I haven't had any time to look at it w/ daylight, but I do have two codes from the car:
P0301 - Misfire cyl 1( bad coil, wires, plugs )
P0401 - insufficient egr flow( from the cracked pipe..)
Could either of these lead the tech into thinking that there was "no compression in cyl1"? I'm thinking that between some JB weld and a muffler repair kit, I can fix the metal egr tube. Then I just need to buy a radiator. Once I fix all of these issues are there other major issues I need to be on the lookout for( warped heads, bad thermostat, overheated tranny, etc...)? I was gonna replace the thermostat just in case, though.
$$? I'm not that cynical though- he probably read "misfire" as something more serious. Glad to hear it's "serviceable". Do you want to do a pressure check on the cooling system before the major work?
tuna55
SuperDork
10/28/11 3:02 p.m.
Teh E36 M3 wrote:
$$? I'm not that cynical though- he probably read "misfire" as something more serious. Glad to hear it's "serviceable". Do you want to do a pressure check on the cooling system before the major work?
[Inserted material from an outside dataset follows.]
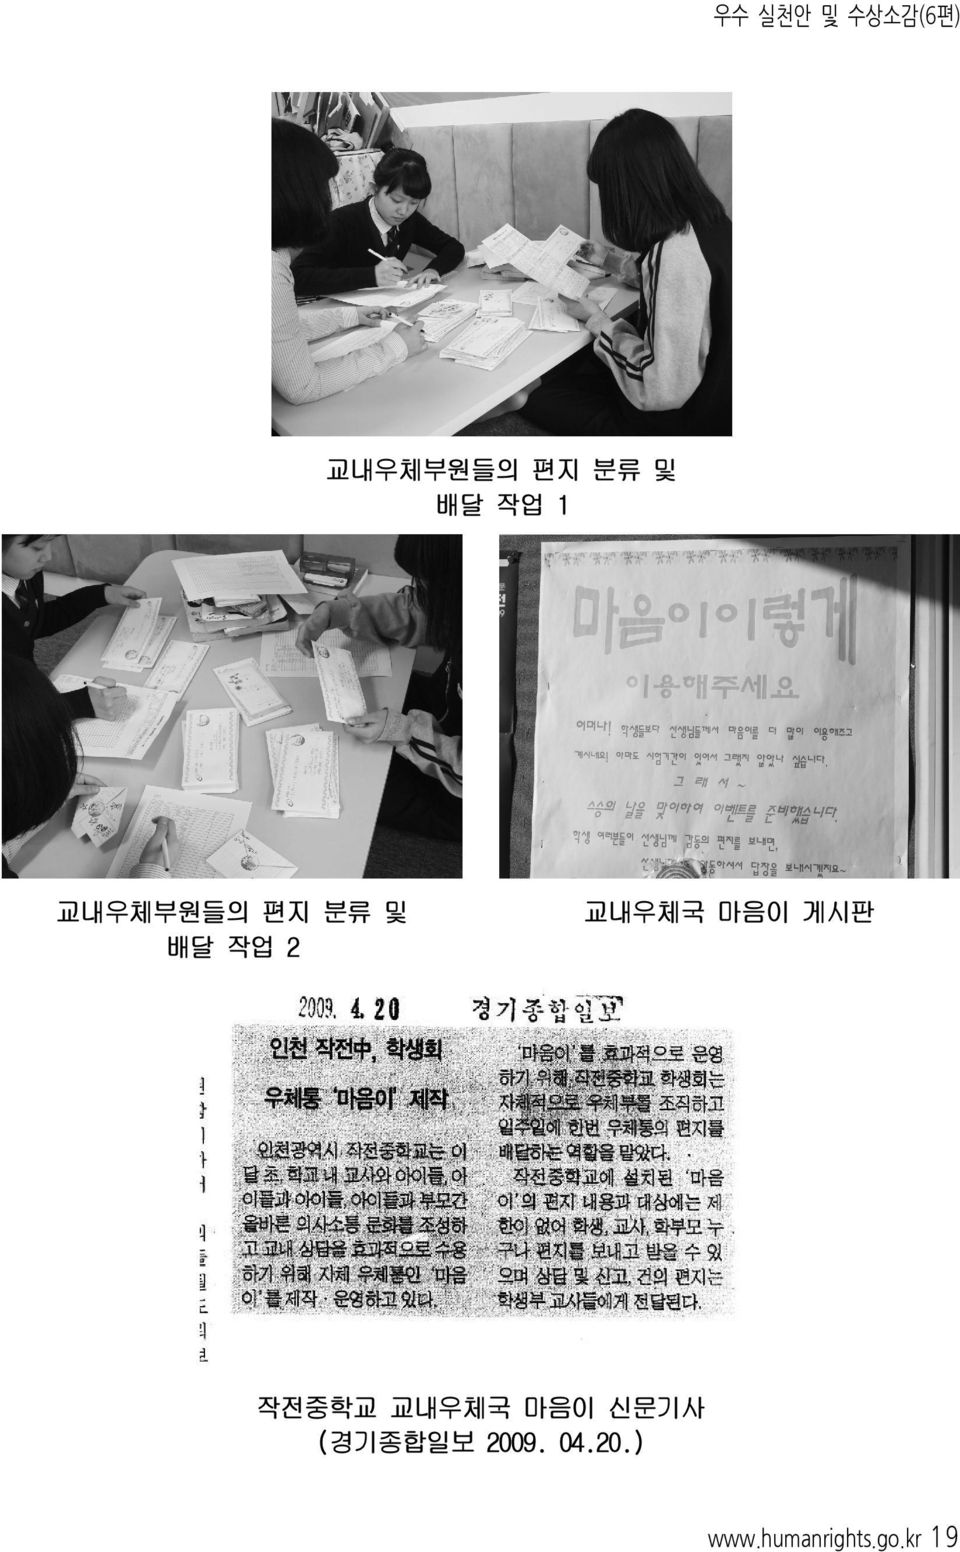 마음이 게시판 작전중학교 교내우체국 마음이 신문기사 (경기종합일보
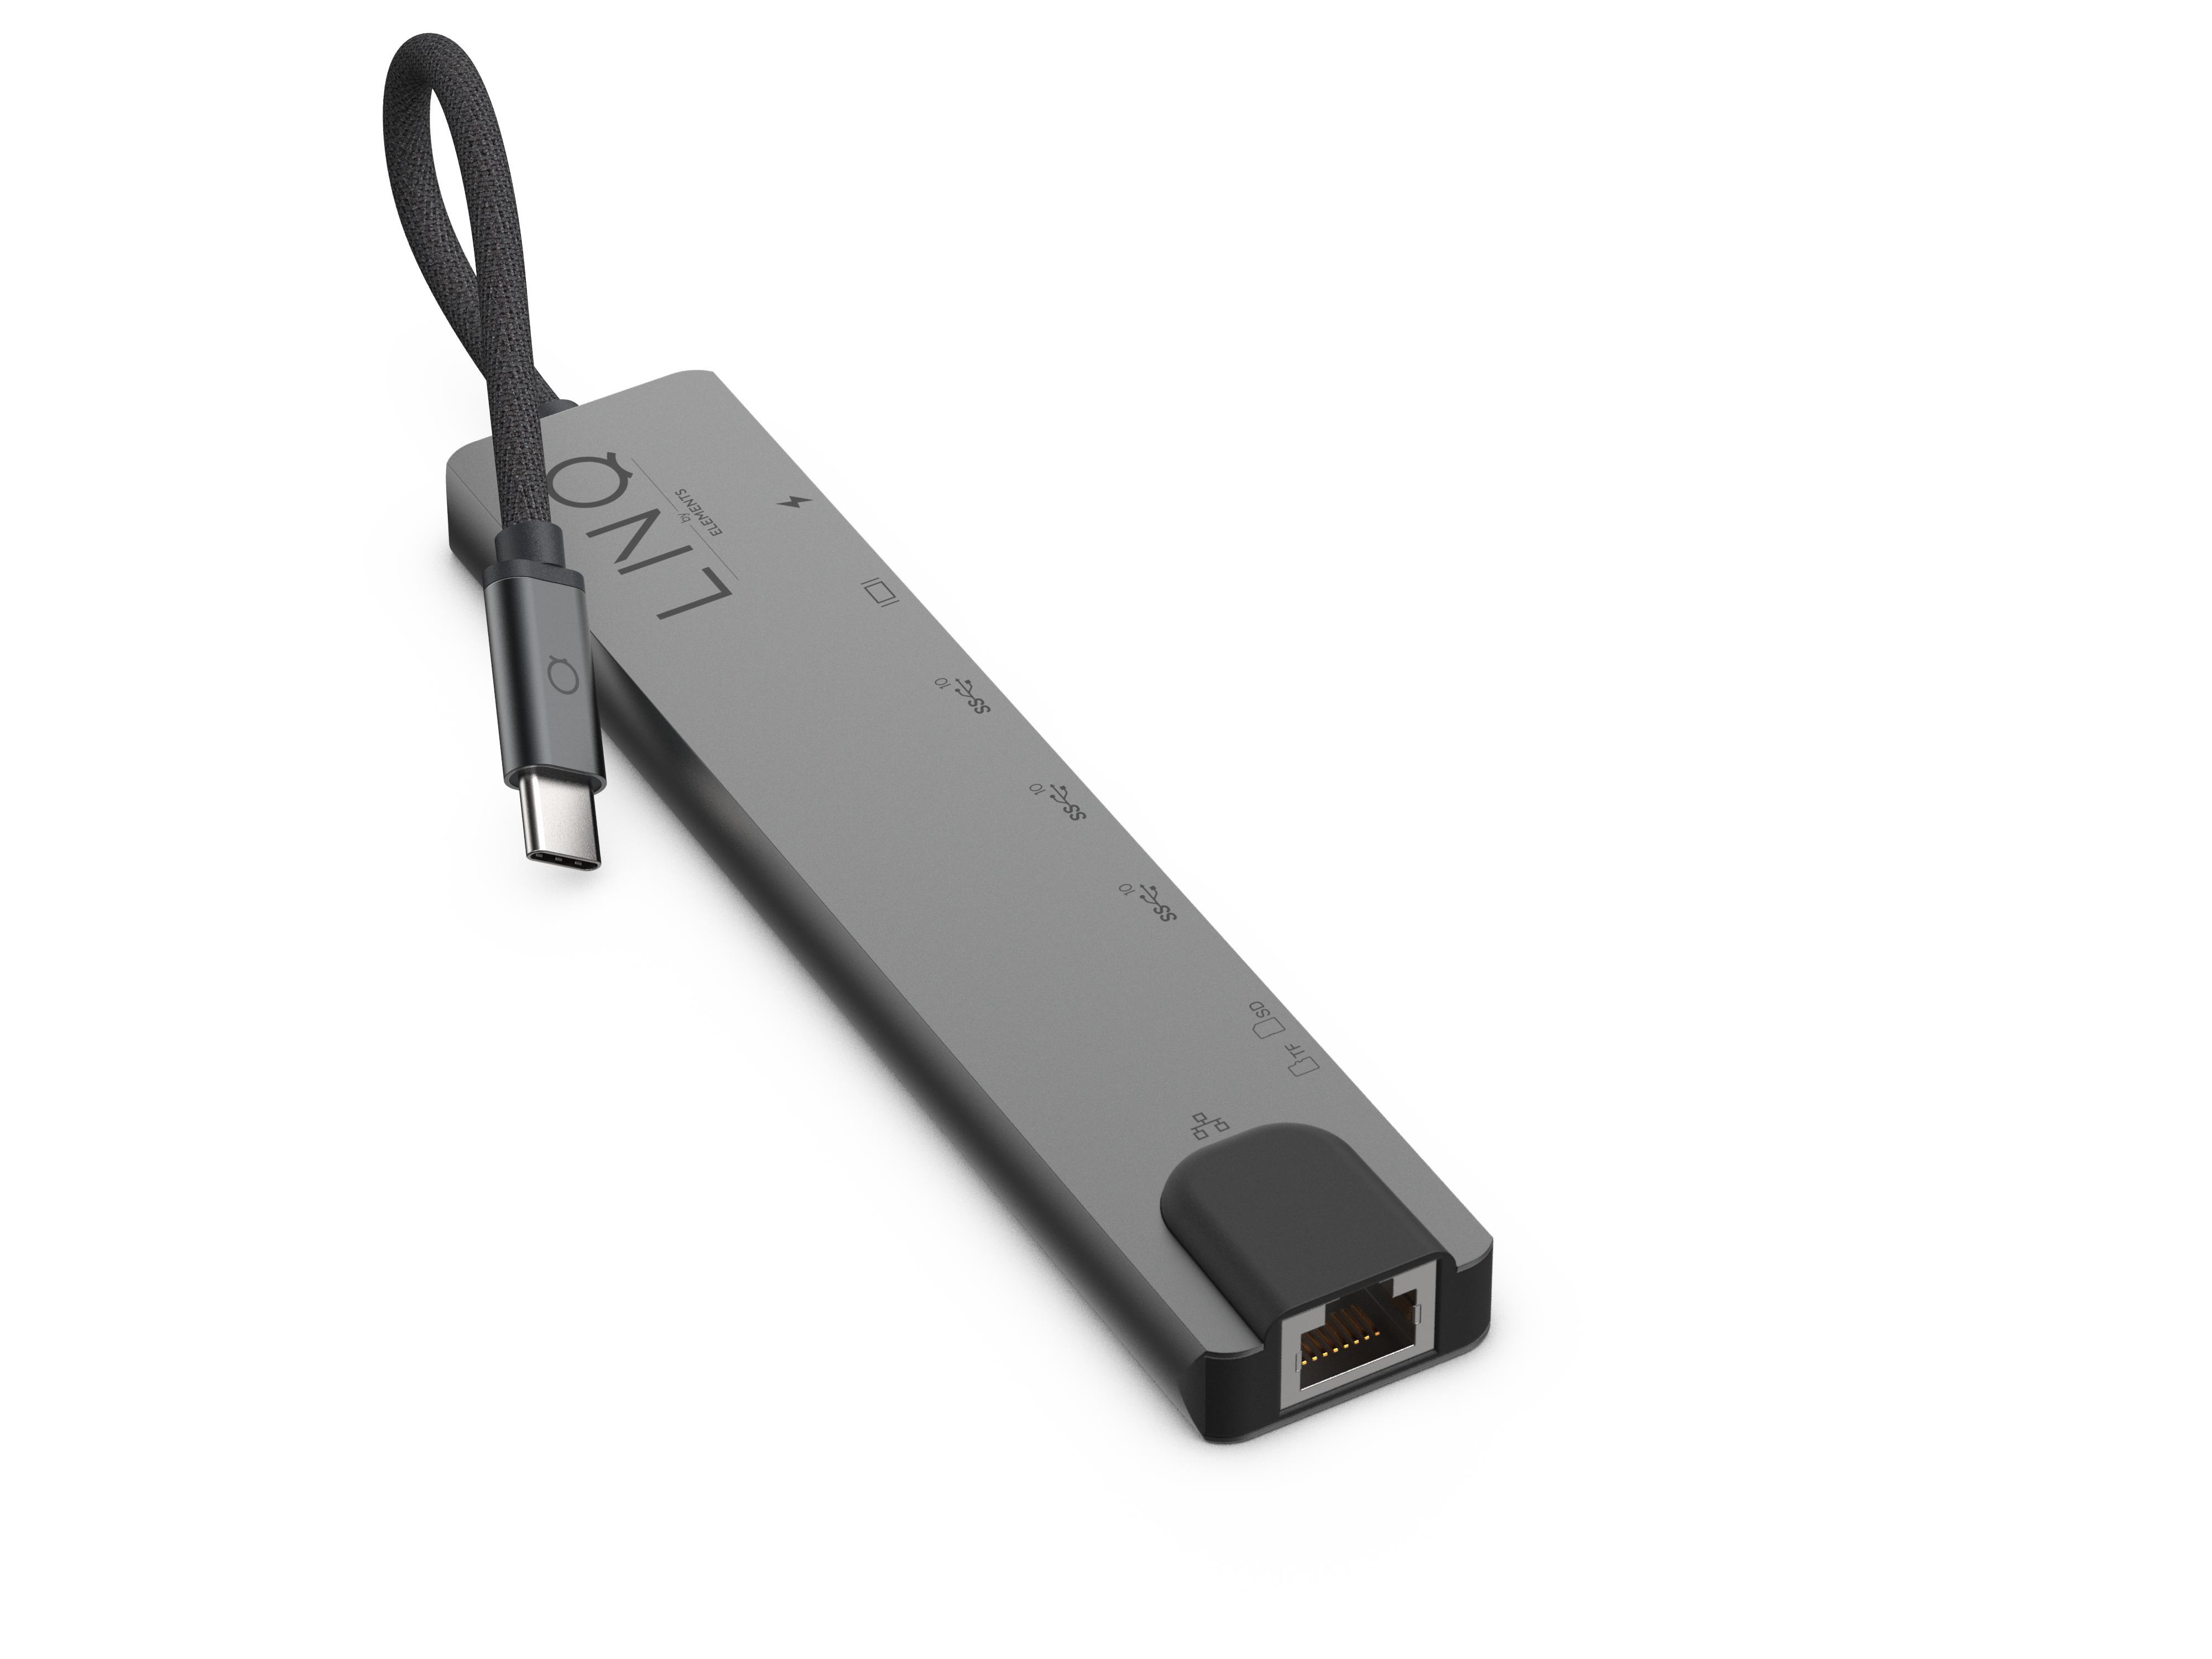 LINQ 8in1 Black, Hub, USB-C Grey Pro

Nah - just a bad tech, he heard misfire and assumed the worst.
tuna55
SuperDork
10/28/11 3:03 p.m.
Glad to hear you're out of the woods, though. JB weld probably won't hold up to that temperature, but at least it's not a new engine.
Teh E36 M3 wrote:
$$? I'm not that cynical though- he probably read "misfire" as something more serious. Glad to hear it's "serviceable". Do you want to do a pressure check on the cooling system before the major work?
I hadn't thought about that, but I could. Those kits are cheap from HF. Thanks for the info.
I don't think that they were intentionally trying to mislead my w/ my diagnosis, but it makes it hard for me to trust farming out any other work to them. I really want to find someone local I can trust again w/ my cars.
Update.... turns out that I have a milkshake in my engine. Im kinda frustrated by this whole situation. Im in the process of buying tires for our honda as it will be the primary car for awhile. The explorer has over 220k on it and i dont have the skillset to diag it cheaply. Could be a cracked block or just a head gasket. Either way, its over my head right now.Gonna start shopping for a beater for me w/ somewhat decent mileage, room for 4 and under $2k. Gonna need something that rel easy for the diy weekender to maintain. Thanks for all the info on the explorer.